The proliferation of automated vehicles may also call into question the very notion of private car ownership that has been a mainstay of American culture for generations. Owning and maintaining a car has long been one of the least efficient means of transportation because, for the vast majority of their lives, cars are merely waiting in driveways to be used. But in many parts of the country, they remain an absolute necessity — one that the average American spends $9,000 a year to own and maintain. With automated cars, however, more people will be able to free themselves from the burden of car ownership and instead rely on a network of low-cost, driverless taxis to get them around town.

The reduction in car ownership will also free up space that used to be devoted to parking. Businesses and residential developments will no longer have to provide vast parking lots for employees, customers, and residents. That will lower the cost of development and therefore the cost of housing as well as provide opportunities for cities to turn the space that used to be reserved for cars into something more valuable to the community, such as parks or other public amenities.

It’s hard to say how significant the changes will be and when they will occur. While it’s always tricky to anticipate technological shifts, it’s particularly hard when it comes to a domain that is as dependent on government as transportation. For instance, even if there are millions of individuals who are eager to opt for automated cars, they won’t be able to use them until the broader public, and its political leaders, are willing to allow them on public roads or to invest in the types of infrastructure changes that facilitate their widespread use.

Growing pains…

Many people will understandably greet the coming changes with hesitance or even hostility. In the near-term, many jobs are threatened. As of 2014, truck driving was the most common occupation in 28 U.S. states. The millions of part-time Uber and Lyft drivers who upended the taxi industry may similarly find themselves in need of new employment opportunities.

Concerns that currently exist about privacy will only become greater as tools that track our behavior become even more widespread. It will become much harder to travel without a larger public or private entity knowing where you’re heading if you depend on an automated car network that records your every move.

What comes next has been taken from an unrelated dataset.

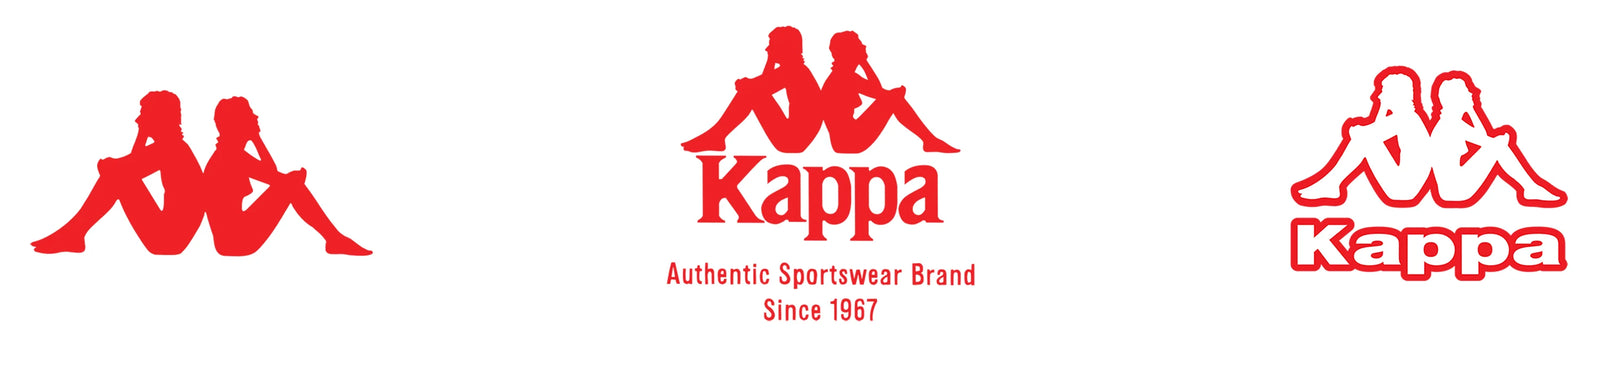 Kappa brand profile U.S. 2022

Finally, there will likely be doubts about whether more automation will make us safer. In the last few years, we’ve seen hackers compromise hospital systems, government databases, and credit card companies. While automated cars will likely lead to fewer crashes, the prospect of hacking into their systems and wreaking vehicular havoc is nevertheless terrifying. Unfortunately, this is not science fiction and has already been demonstrated in today’s vehicles.

There are no easy answers for maximizing the opportunities presented by new technology and minimizing the drawbacks. Instead, it’s up to the public to educate itself on the issues and balance the risks and rewards and for policymakers to both champion new technology and hold it accountable. It’s important, however, that they not let the perfect be the enemy of the good. Cars certainly have not proven to be a perfect technology. But they beat a city covered in horse manure.